Spin-polarized electron transport in ferromagnet/semiconductor heterostructures: Unification of ballistic and diffusive transport

TL;DR

This paper develops a unified semiclassical theory for spin-polarized electron transport in ferromagnet/semiconductor heterostructures, combining ballistic and diffusive mechanisms to better understand spin relaxation and transport interactions in spintronic devices.

Contribution

It introduces a comprehensive framework that unifies ballistic and diffusive transport, including spin relaxation, in semiconductor heterostructures, extending standard models to account for interface effects and electric fields.

Findings

Derived an integral equation for spin transport function.

Converted the integral equation into a generalized spin drift-diffusion equation.

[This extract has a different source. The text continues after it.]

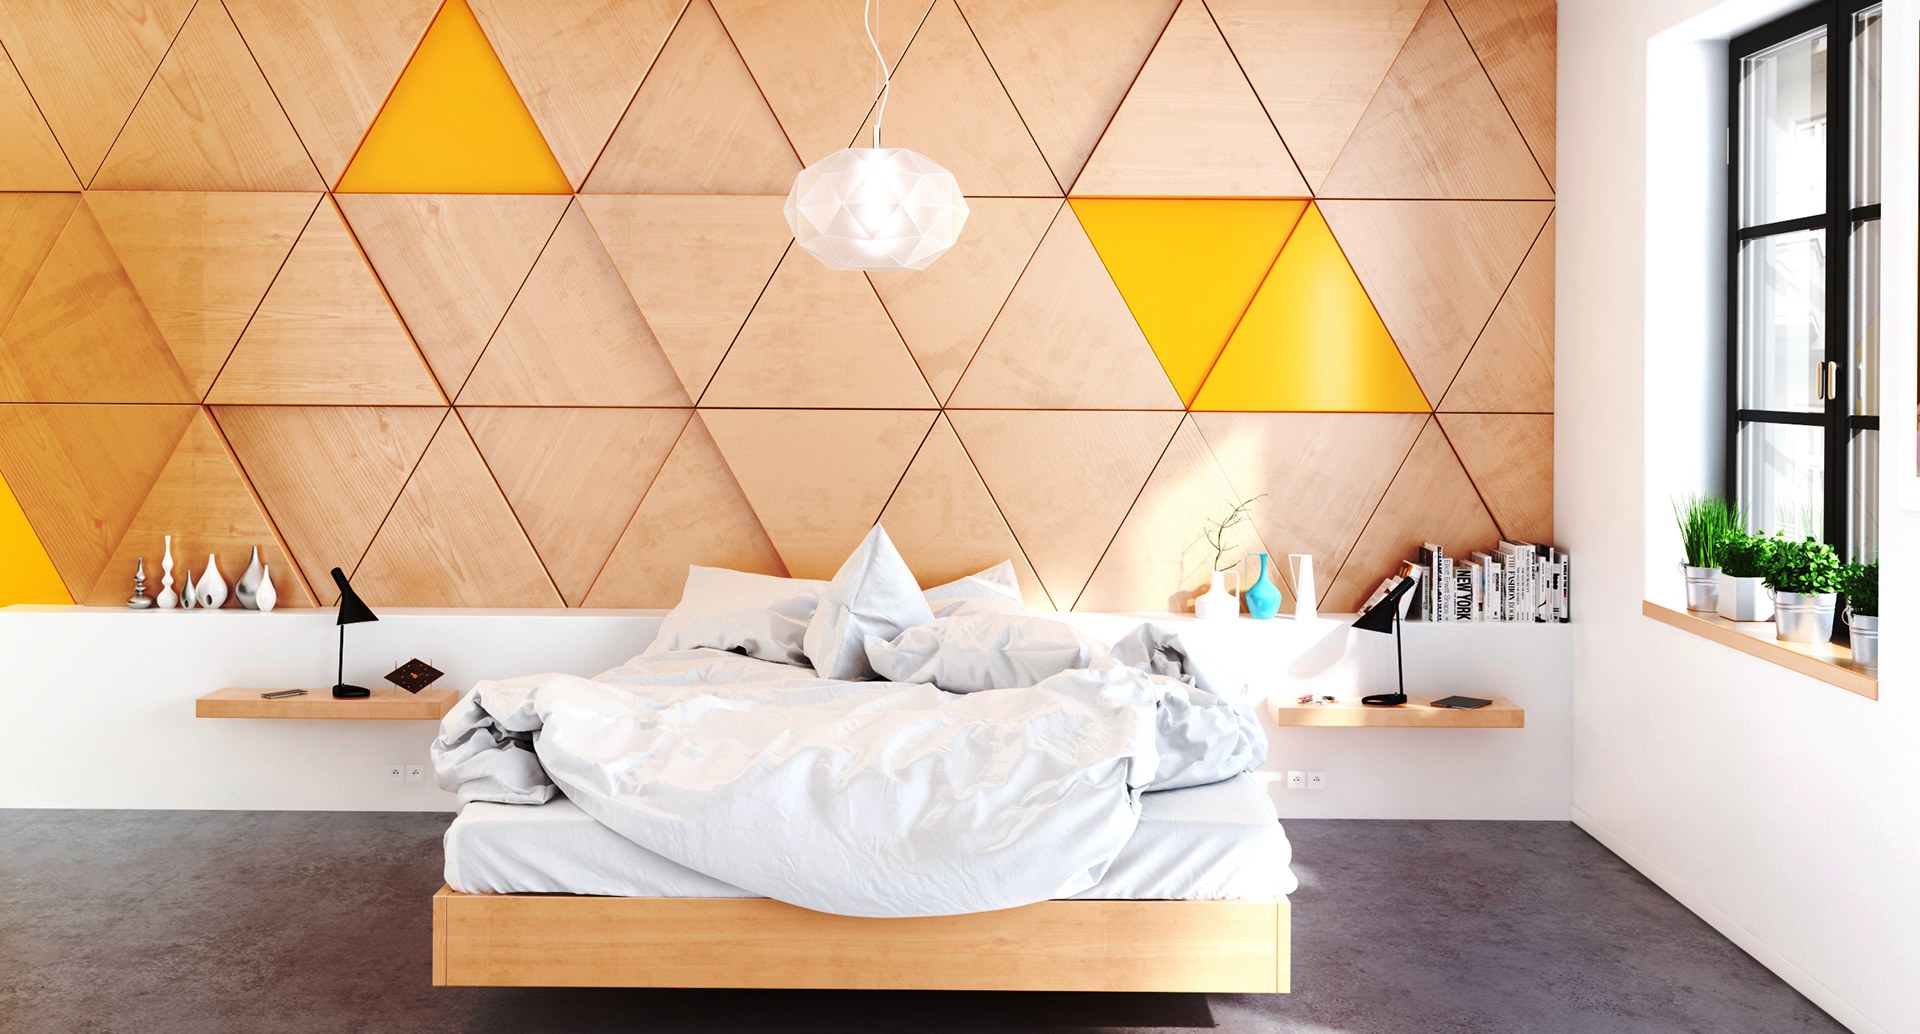 Những căn phòng ngủ dùng chất liệu gỗ để trang trí vừa đơn giản, ấm cúng mà không kém phần ấn tượng

Illustrated effects of transport mechanisms and electric fields on spin polarization.

Abstract

A theory of spin-polarized electron transport in ferromagnet/semiconductor heterostructures, based on a unified semiclassical description of ballistic and diffusive transport in semiconductor structures, is developed. The aim is to provide a framework for studying the interplay of spin relaxation and transport mechanism in spintronic devices. A key element of the unified description of transport inside a (nondegenerate) semiconductor is the thermoballistic current consisting of electrons which move ballistically in the electric field arising from internal and external electrostatic potentials, and which are thermalized at randomly distributed equilibration points. The ballistic component in the unified description gives rise to discontinuities in the chemical potential at the boundaries of the semiconductor, which are related to the Sharvin interface conductance. By allowing spin relaxation to occur during the ballistic motion between the equilibration points, a thermoballistic spin-polarized current and density are constructed in terms of a spin transport function. An integral equation for this function is derived for arbitrary values of the momentum and spin relaxation lengths. For field-driven transport in a homogeneous semiconductor, the integral equation can be converted into a second-order differential equation that generalizes the standard spin drift-diffusion equation. The spin polarization in ferromagnet/semiconductor heterostructures is obtained by invoking continuity of the current spin polarization and matching the spin-resolved chemical potentials on the ferromagnet sides of the interfaces. Allowance is made for spin-selective interface resistances. Examples are considered which illustrate the effects of transport mechanism and electric field.